Quite a few privately owned businesses and professional practices have more than one co-owner partner. And unplanned departure of a partner can have a major effect on the success of a business going forward.
To safeguard business continuity, you as business owners need to plan ahead about how to transfer business ownership interests with minimal business interruption.
In addition, you should think about the value of the departing partner’s share and the sources of funding for a partner buyout. In such situations, business valuation becomes a strategic management tool.
What buy-sell agreements do
As business partners you can address the need for such future ownership transfers by creating a formal buy-sell agreement. At a minimum, such an agreement should help you address these concerns:
- Specify which events may trigger the provisions in the buy-sell agreement. Examples include partner departure due to death, illness, divorce, retirement or major falling out.

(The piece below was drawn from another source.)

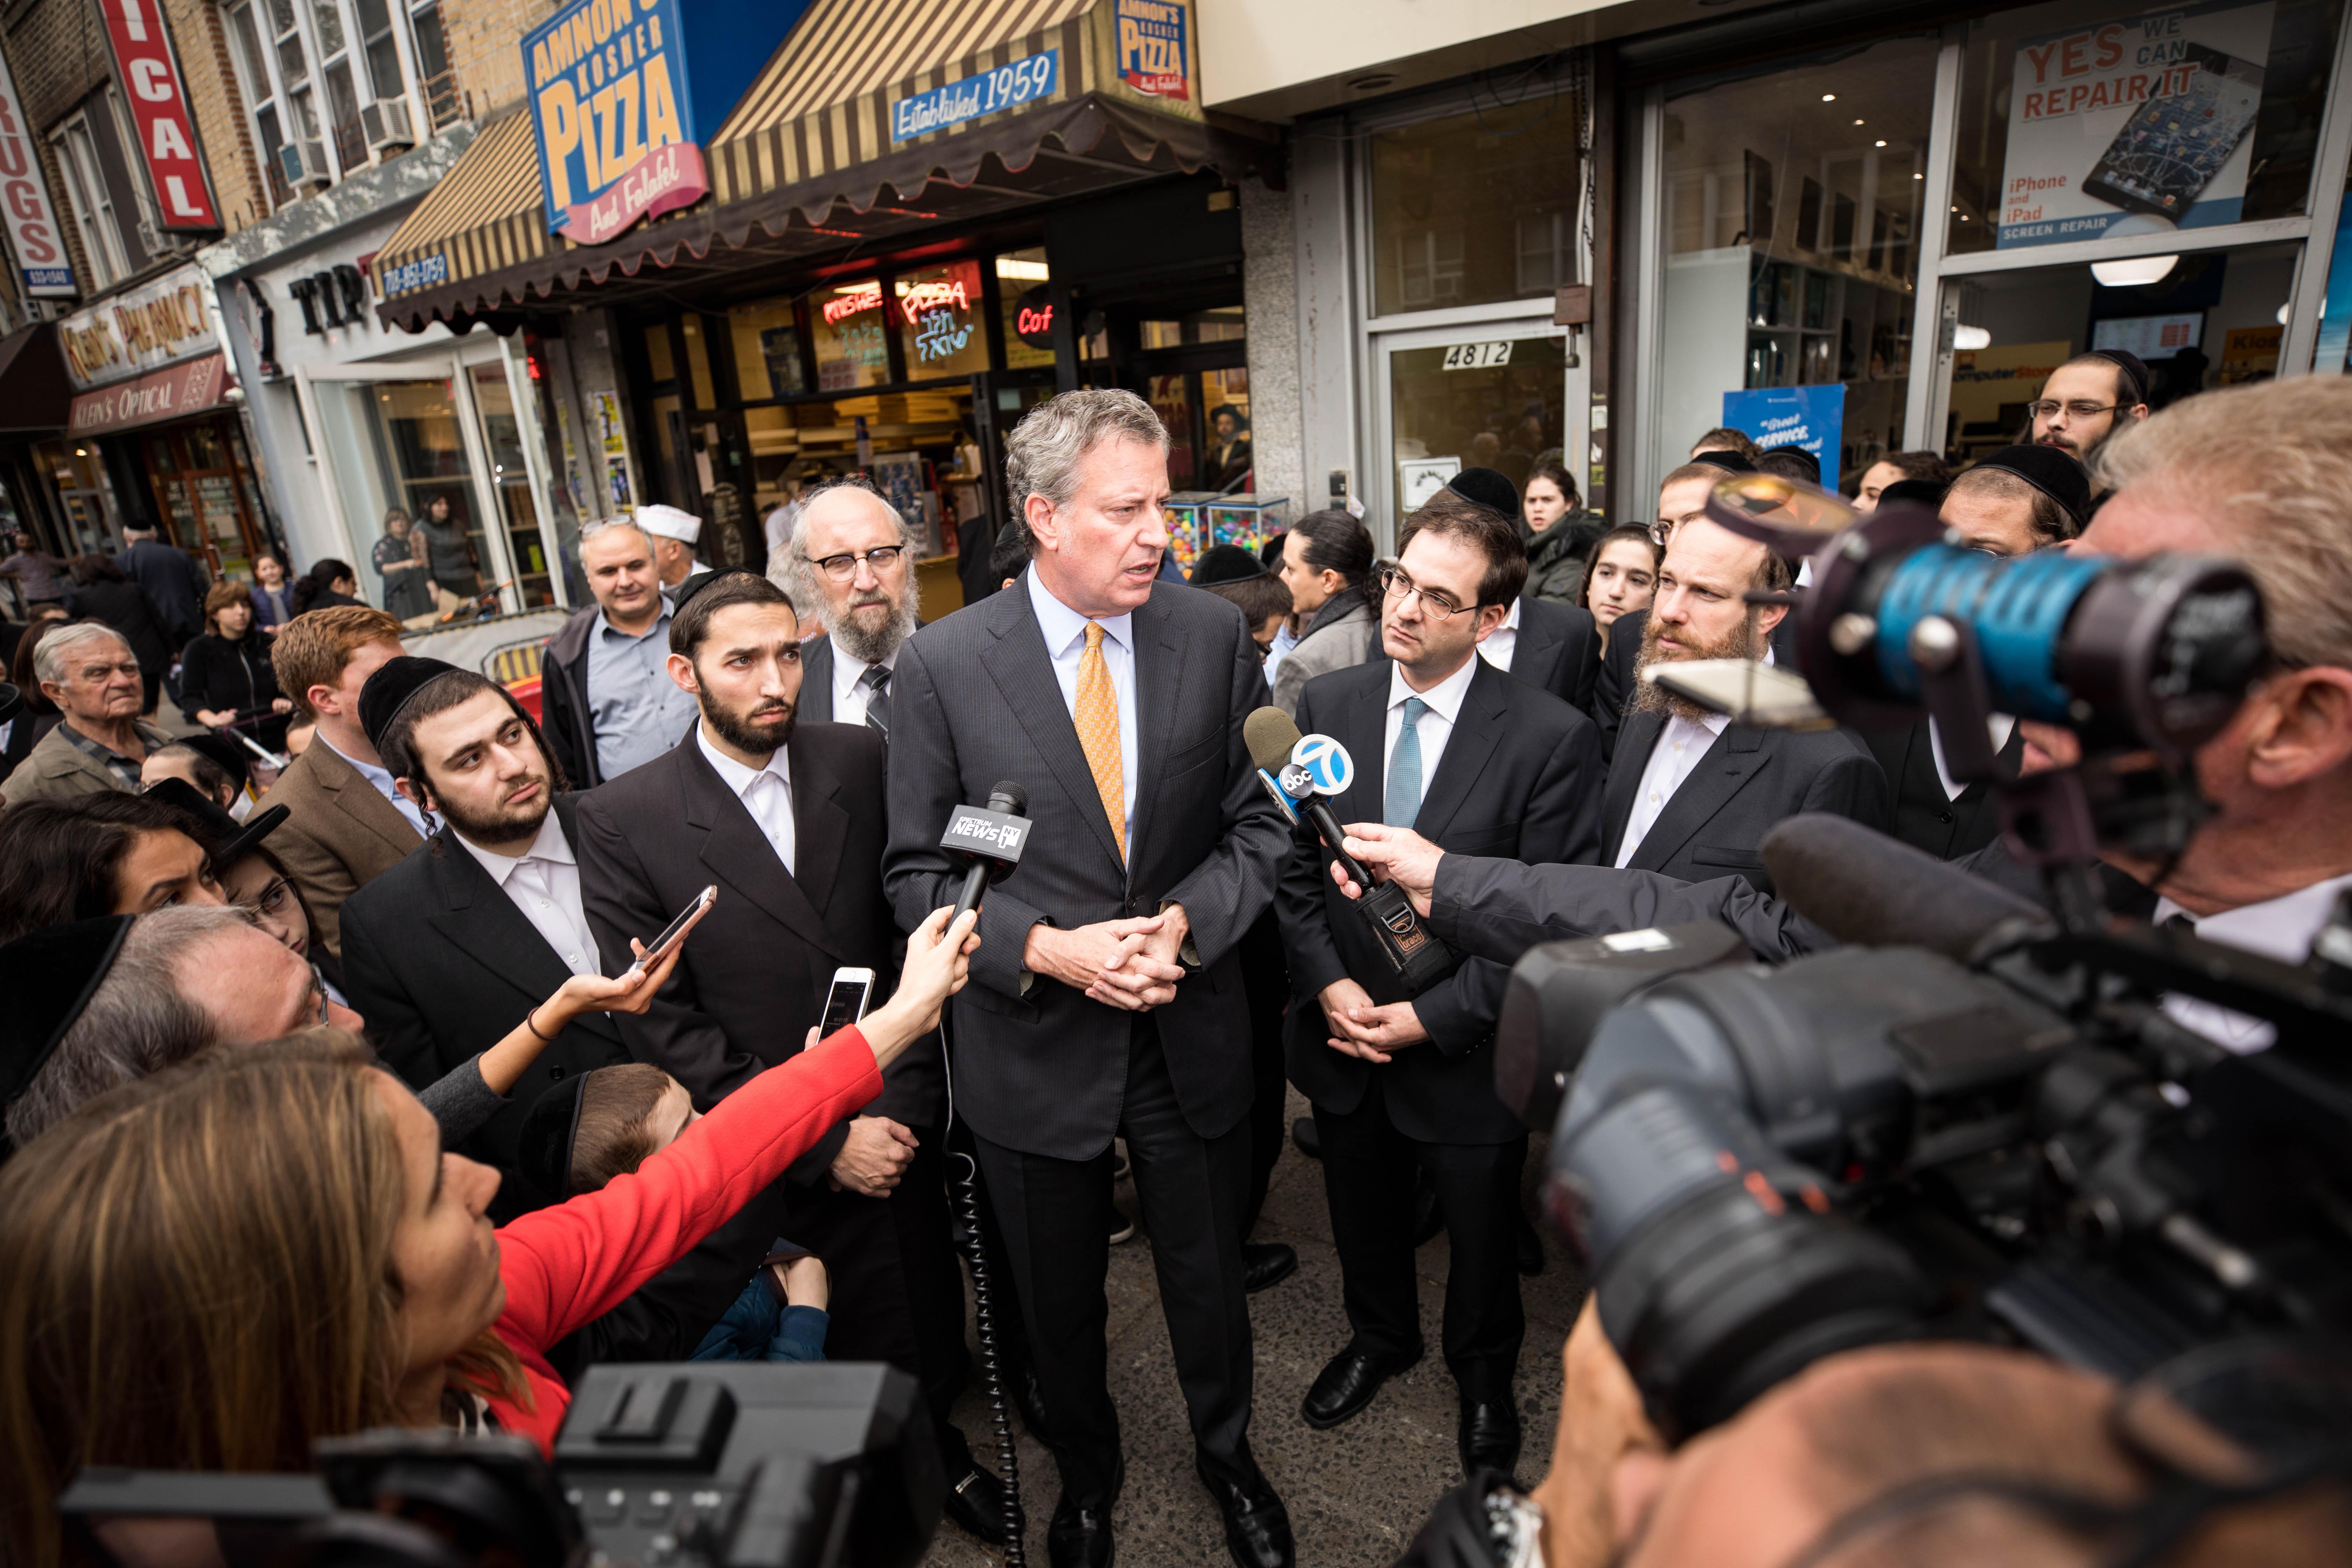 Taxi Albany Ny >> Brooklyn, NY - NYC Mayor De Blasio Campaigns With Assembly ...

- Provide a clear way of determining the value of the departing partner’s business ownership interest.
- Specify the sources of funds to pay for the partner buyout.
- Prevent the partner’s share of business from falling into the hands of an undesirable party.
- Word the buy-sell provisions in a way that the legal and tax authorities will honor.
How buy-sell agreements are structured
To start, your buy-sell agreement must establish the party that buys the departing owner’s share of business. There are several ways to handle this:
- Entity purchase, where the business buys back the ownership from the outgoing partner.
- Shareholder purchase, where the remaining owners buy the former partner’s interest.
- Wait and see agreement, where the decision as to who buys out the partner is deferred until the triggering event takes place.
Business valuation provision in a buy-sell agreement
How you value the partner ownership interest represents an important part of the agreement. The remaining co-owners must choose how and when the business appraisal is to be done. Your key decision points here are fairness to all the business owners, affordability, and tax considerations.
To be binding, your buy-sell agreement should clearly state the standard and premise of business value as well as the approaches and methods used to calculate the valuation results. The typical ways of structuring a valuation provision for your buy-sell agreement are these:
- A business value figure set by mutual agreement among the business owners. You should update this at least annually.
- A choice of business valuation methods that the co-owners have agreed to use to determine the business value.
- Requirement that a professional business appraiser be retained to conduct business valuation.
Valuation of the entire business is the first step. The next question is how to allocate this business enterprise value among the co-owners.
One option you may choose is to divide the total business value in proportion to the partners’ shares of ownership. Let’s say there are two partners who own an equal share of the business worth $1,000,000. In the pro-rata allocation scenario, each partner owns $500,000 or half of the entire business.
Control premia and minority discounts
If, on the other hand, one partner owns 75% of the business and the other the remaining 25%, the pro-rata allocation may not be the best choice. In this case the partner holding the 75% stake has the so-called controlling ownership interest. This may be more valuable because this co-owner enjoys a number of advantages over the minority partner:
- Decision as to the timing and size of dividend payouts or partner draws.
- Election of directors.
- Key hiring decisions.
- Acquisition and sale of business assets.
- Raising additional capital for business expansion.
The controlling owner’s business share may be worth more than 75% in this case. The difference is referred to as control premium. You can estimate what that premium is by observing the share prices paid by public companies seeking to acquire a controlling stake in other firms.
Once you know the control premium, you can determine the minority discount from it. This will give you the ratio to apply to the pro-rata share of ownership held by the partner with 25% of the business interest.